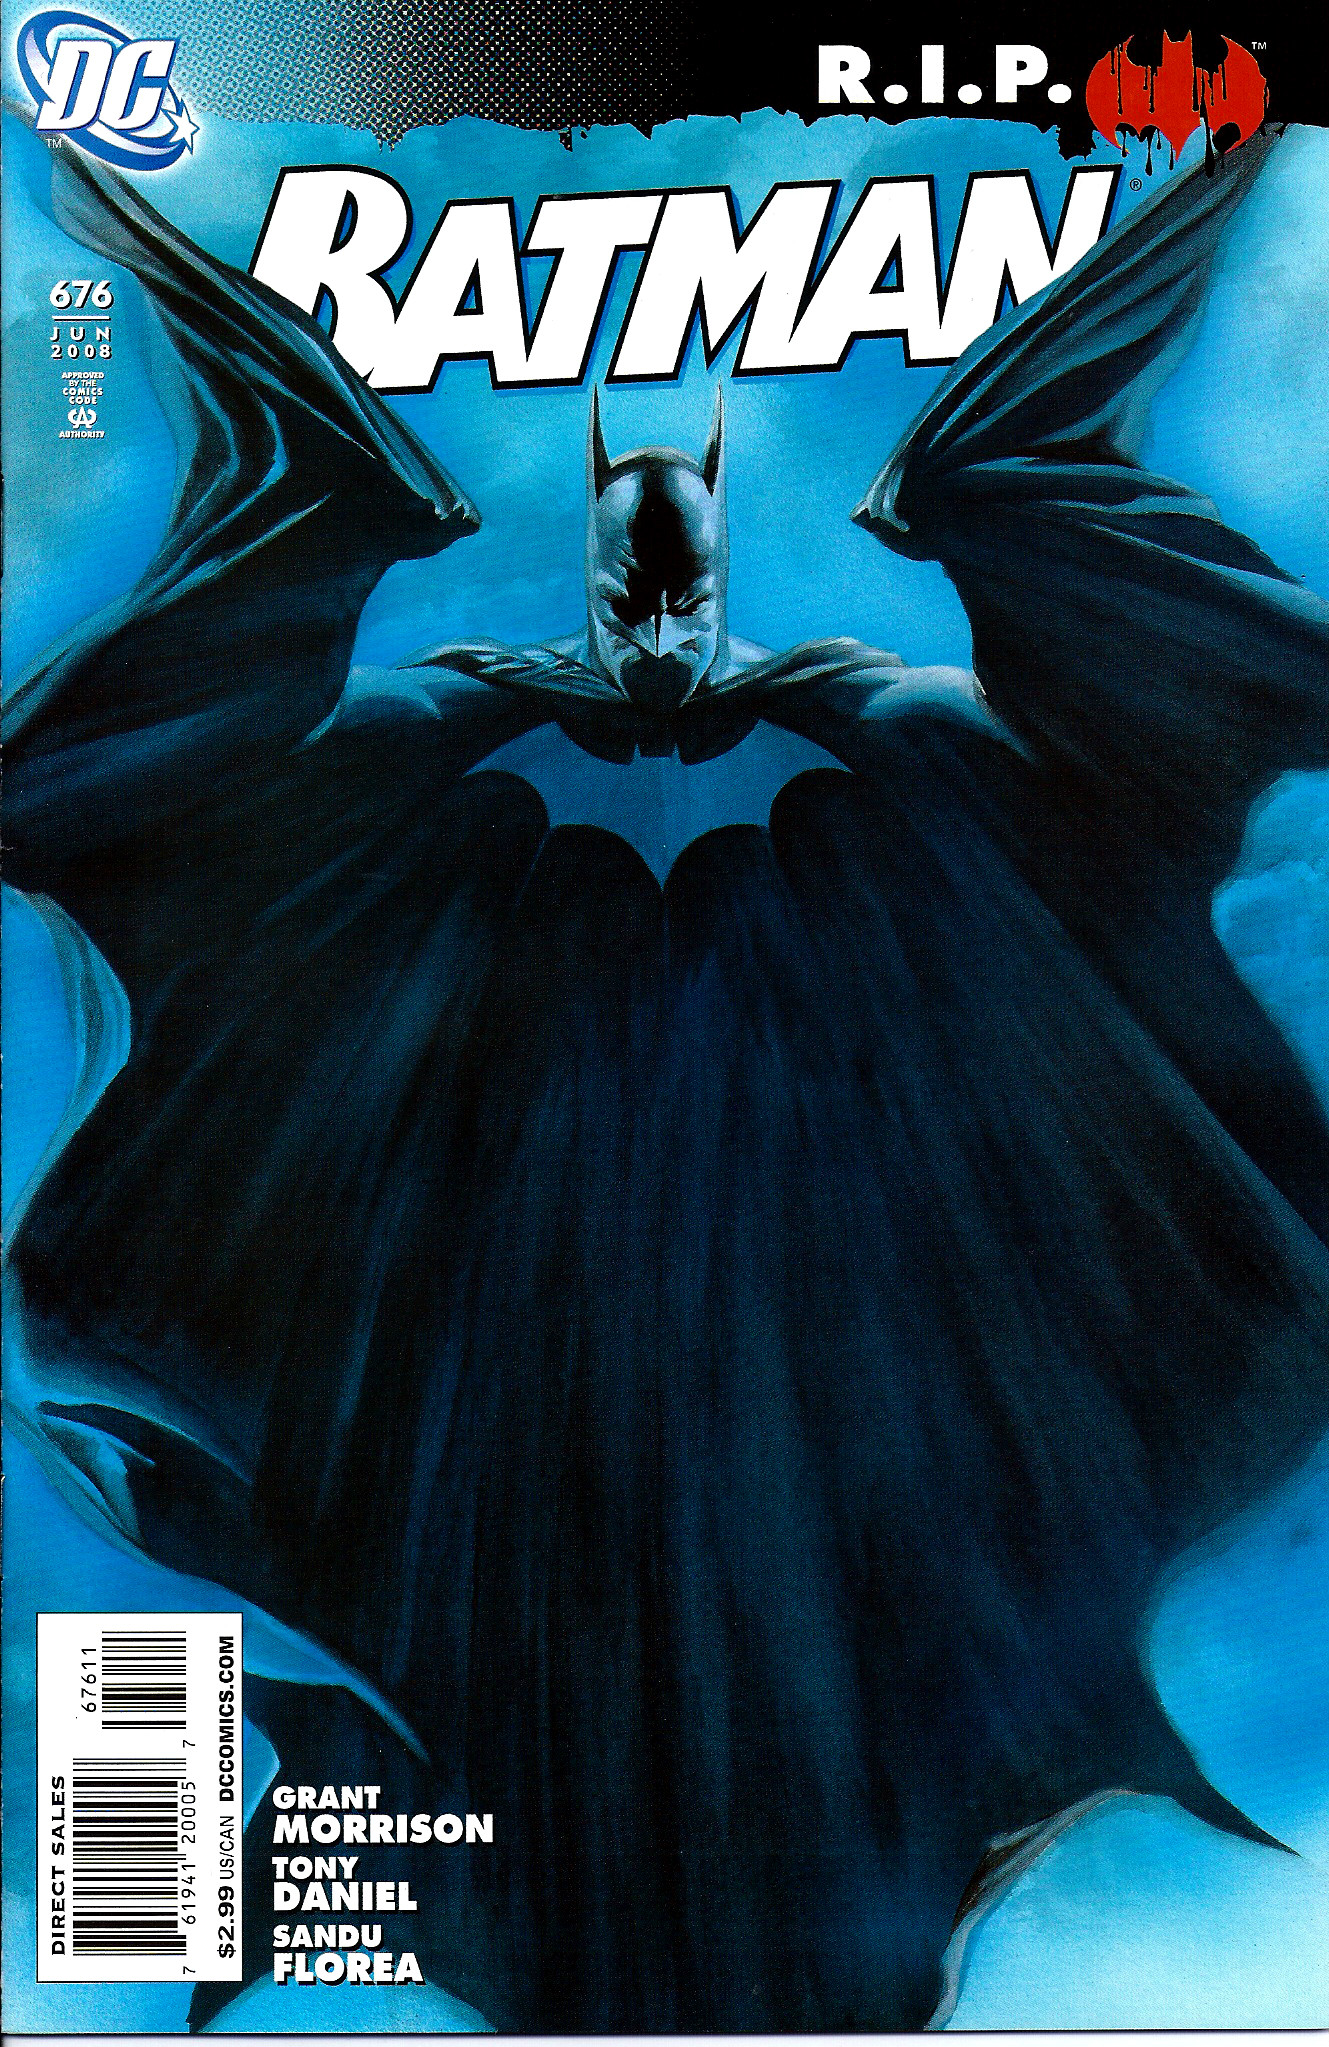 Batman (Vol. 1) #676 (2008) Cover
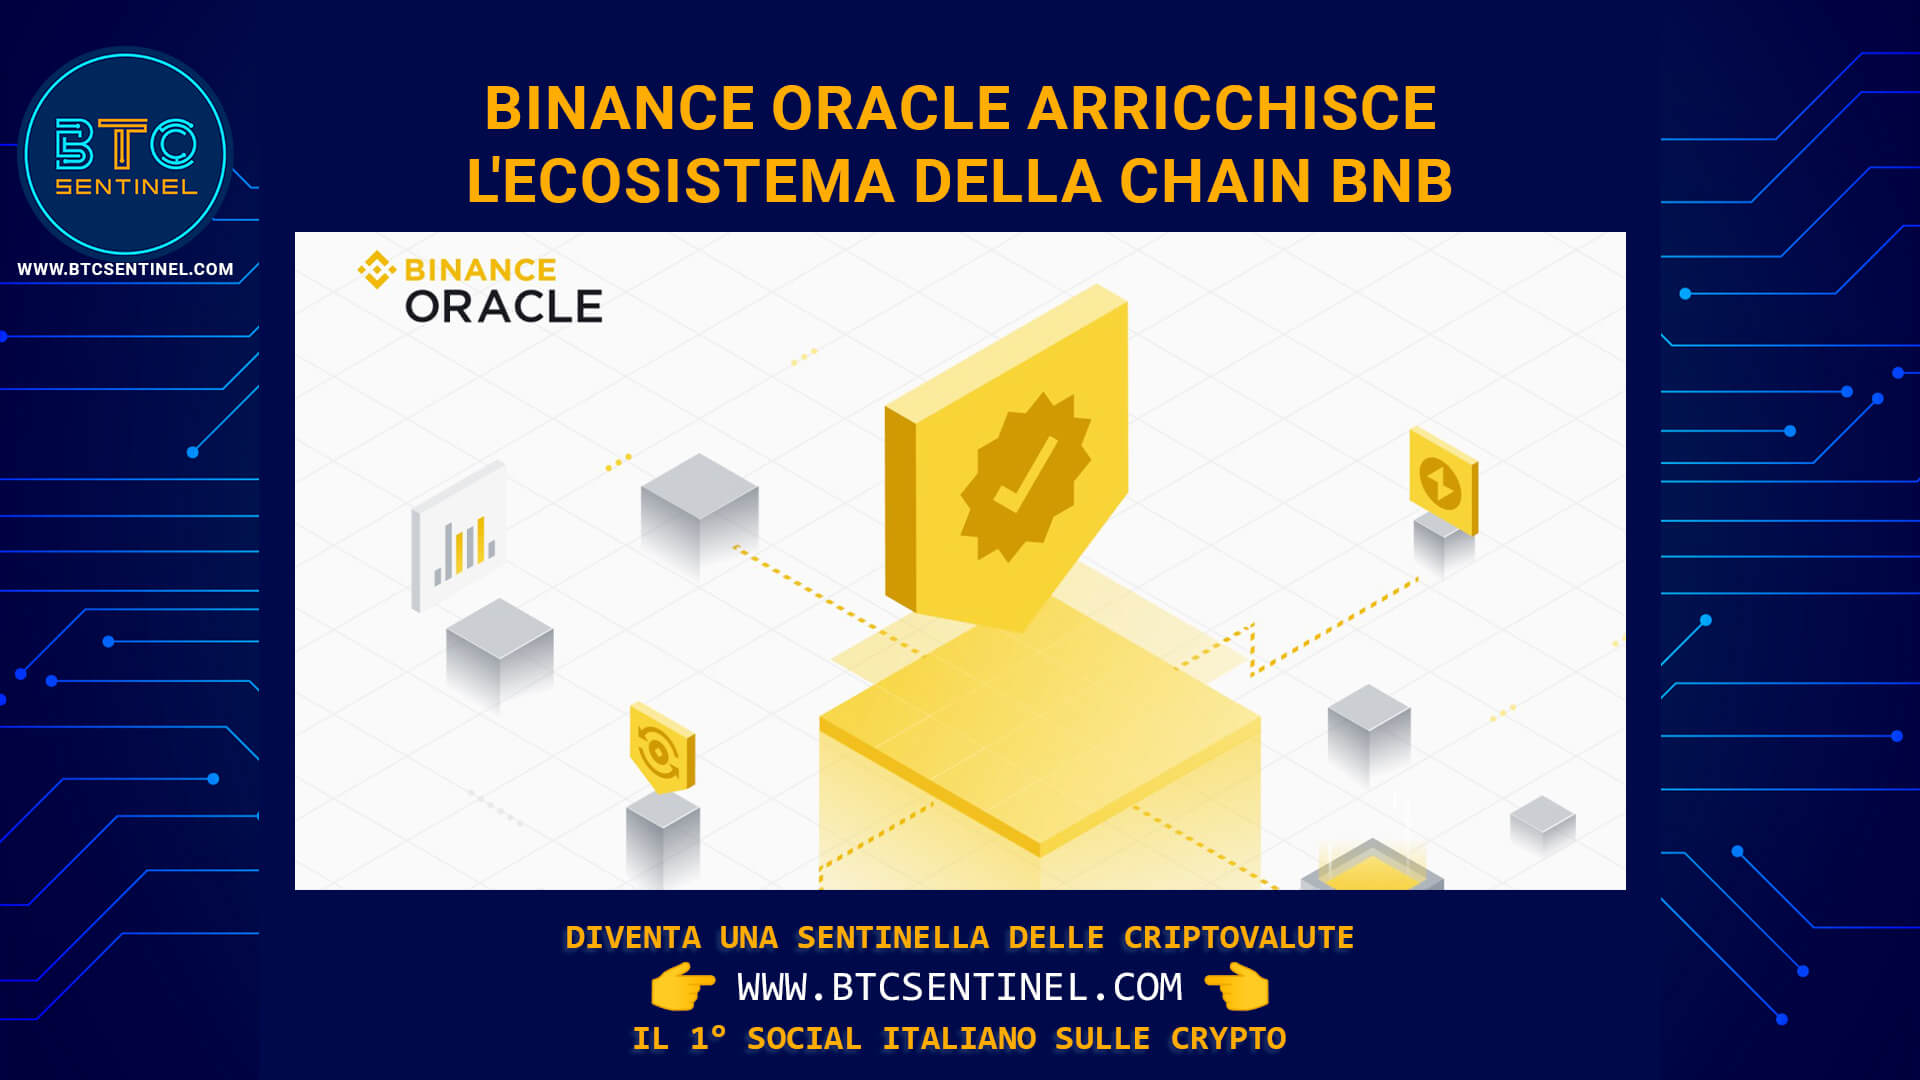 L'exchange Binance lancia Binance Oracle per arricchire l'ecosistema della blockchain BNB
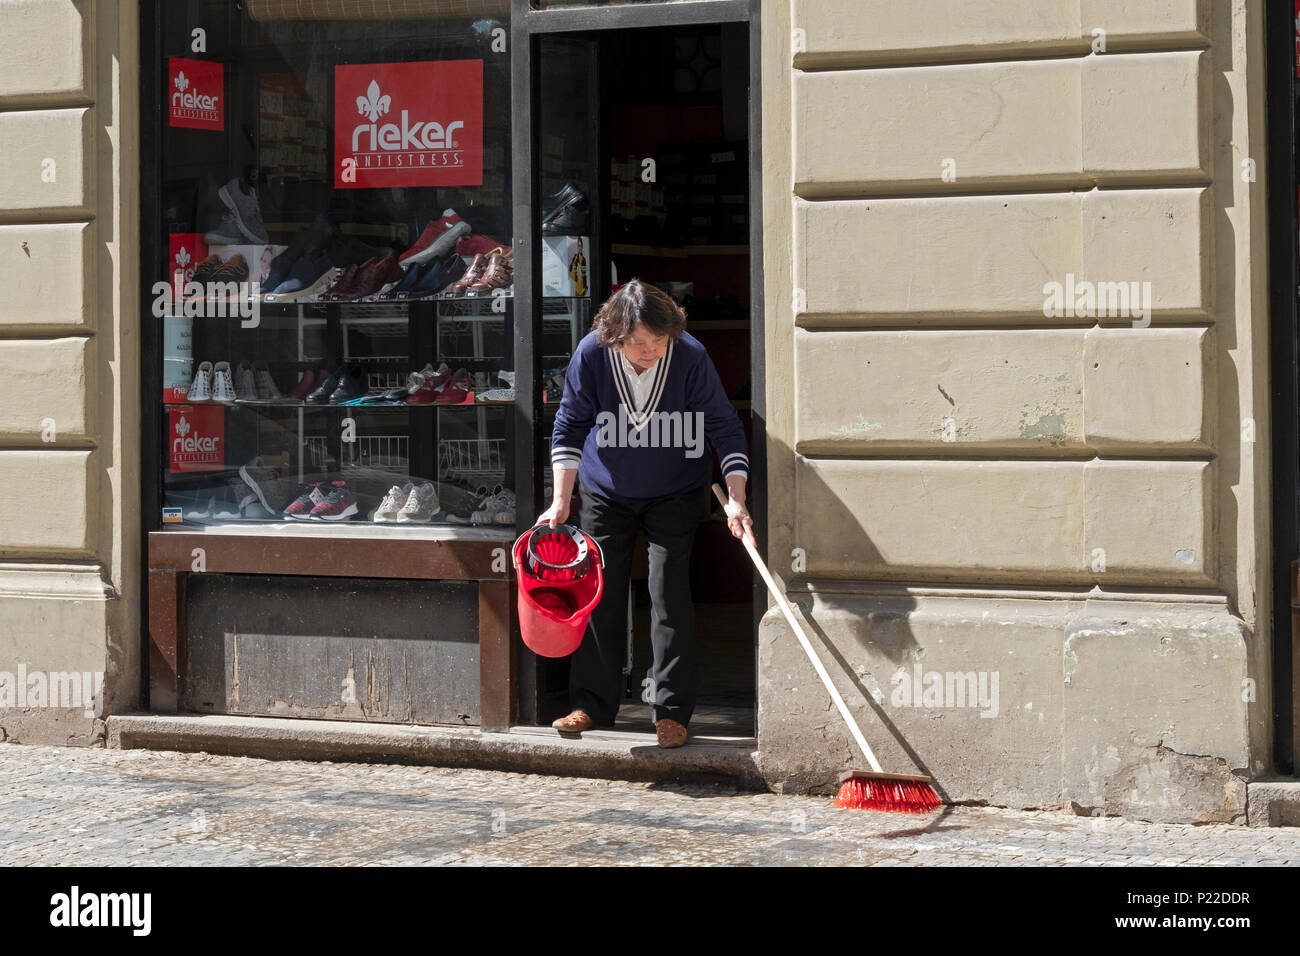 An Asian woman scrubbing the sidewalk outside of a shoe shop on Maiselova Street in Prague, Czech Republic. Stock Photo

# [WHAT NEEDS TO BE DONE]
Retype the data above in full, exactly as it stands, and skip any image.

# [RESPONSE TO THIS TASK]
 Batman (Vol. 1) #676 (2008) Cover
 L'exchange Binance lancia Binance Oracle per arricchire l'ecosistema della blockchain BNB
 An Asian woman scrubbing the sidewalk outside of a shoe shop on Maiselova Street in Prague, Czech Republic. Stock Photo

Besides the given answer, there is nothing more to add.